With over 600 affiliated teams in Ireland in the first three years of its existence, the enormous popularity of the GAA must be seen as part of the wider Gaelic cultural revival that was going on in Ireland at this time and had its patrons in the likes of W. B. Yeats and Douglas Hyde. However, the (often undercover) influence of the IRB tapped into this revolutionary nostalgia and the political disenchantment after the rejection of the Home Rule Bill in 1886. There are stories of young men attending GAA meetings being approached by IRB men and asked to swear the oath of allegiance. Away from prying British eyes and the unhelpful interference of the Catholic church, the IRB probably could not believe their luck that so many impressionable potential recruits could be gathered unsupervised under their authority.
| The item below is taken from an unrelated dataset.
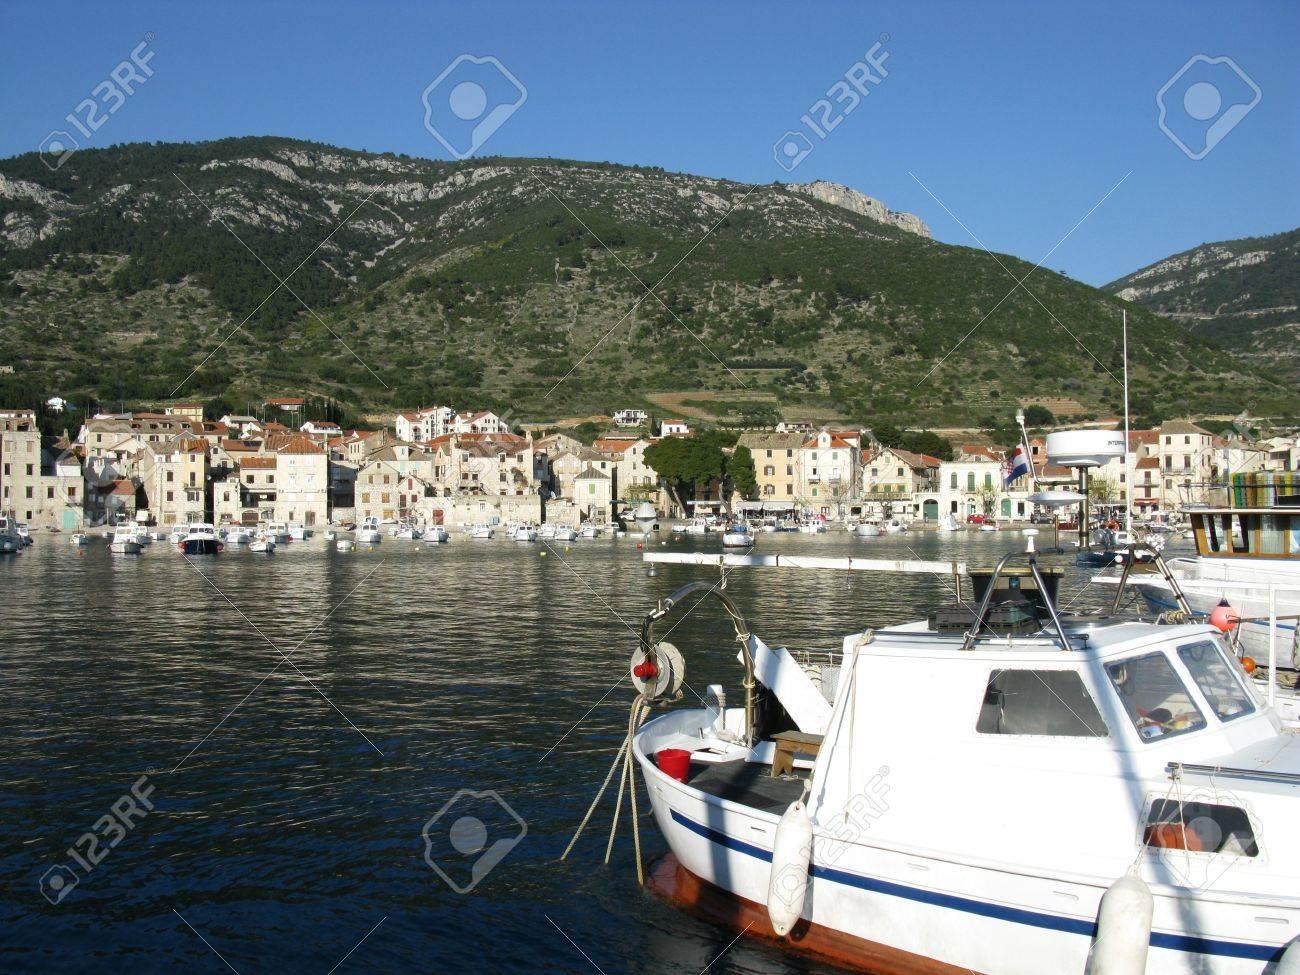 Komiza a city on the island Vis in Croatia in the Adriatic sea Stock Photo - 17134855

The popularity of the GAA began to wane in the 1890s after they gave their full support to Parnell in the divorce scandal that would disgrace him. Alongside this, Parnell’s untimely death in 1891 and the House of Lord’s rejection of the Second Home Rule Bill in 1893, the dream of constitutional nationalism started to die. This allowed for the re-emergence of extreme republicanism in new groups such as Sinn Féin and the Irish Volunteers, and the GAA would play a significant part in bolstering the success of these movements. ‘Everyone knew that the Gaelic athletic clubs were political associations in everything but in name’ said Mr. T. W. Russell in the House of Commons in June, 1893, ‘and in a month they could be armed and would become an effective force’.

Though Russell’s prediction didn’t exactly come true, historian Mike Cronin describes a group of Fianna Éireann boys who joined a Gaelic football game in Phoenix Park, Dublin in 1916 and, upon kicking the ball into a British army munitions store, overpowered the sentry there and stole weapons that were used in the Easter Rising days later.

Estimates of the number of GAA members involved in the Republican Rising reach approximately 350. On this sum, one in five of the rebels that fought British soldiers that week were members of the GAA. Most notable was Patrick Pearse, a staunch advocate of Gaelic games whose name appears at the bottom of the Irish Proclamation of Independence and was executed on the 3rd of May, 1916 for his role in the Rising. Indeed, the Official Commission of Inquiry into the events of Easter week by British civil servants directly implicated the GAA as an instigating factor in the rebellion. Following this, Gaelic athletic clubs became closely associated with Sinn Féin and tournaments were staged to raise money for Republican political prisoners. At the All-Ireland football final of 1917, Clare paraded onto the pitch carrying a banner that read ‘Up de Valera’.

But it was the events of the 21st of November, 1920 that would come to define the GAA’s relationship with Irish nationalist politics. That morning, IRA men under instruction from Michael Collins assassinated fourteen British intelligence officers at their flats in Dublin. In response, the British army sent the brutal Black and Tans into Croke Park, home of Gaelic games, to open fire indiscriminately on players and spectators. The events of Bloody Sunday linked the GAA firmly to the Republican cause which of course influenced anti-British sentiment and was exploited by the IRA. Michael Collins, a keen hurler himself, would travel to London in December 1921 to sign the Anglo-Irish Treaty that released from British rule twenty-six of the thirty-two counties of Ireland.

The truth is that the GAA was politicised and linked to republicanism from the very start, no matter how much Cusack or other early members attempted to distance themselves from it. At a time when a cultural revival was being used to demonstrate the stark differences between Ireland and Britain and highlight the distinctiveness of the Gaelic race, the GAA was clearly attractive to the radical-minded and the anti-British. Its intervention in political discussions and its part played in the Easter Rising leave little doubt that the GAA was a breeding ground for a new generation of culturally aware revolutionaries, and its impact in the years leading up to independence in 1921 should not be overlooked.



Cronin, Duncan & Rouse, The GAA: A People’s History, (The Collins Press: Cork, 2009).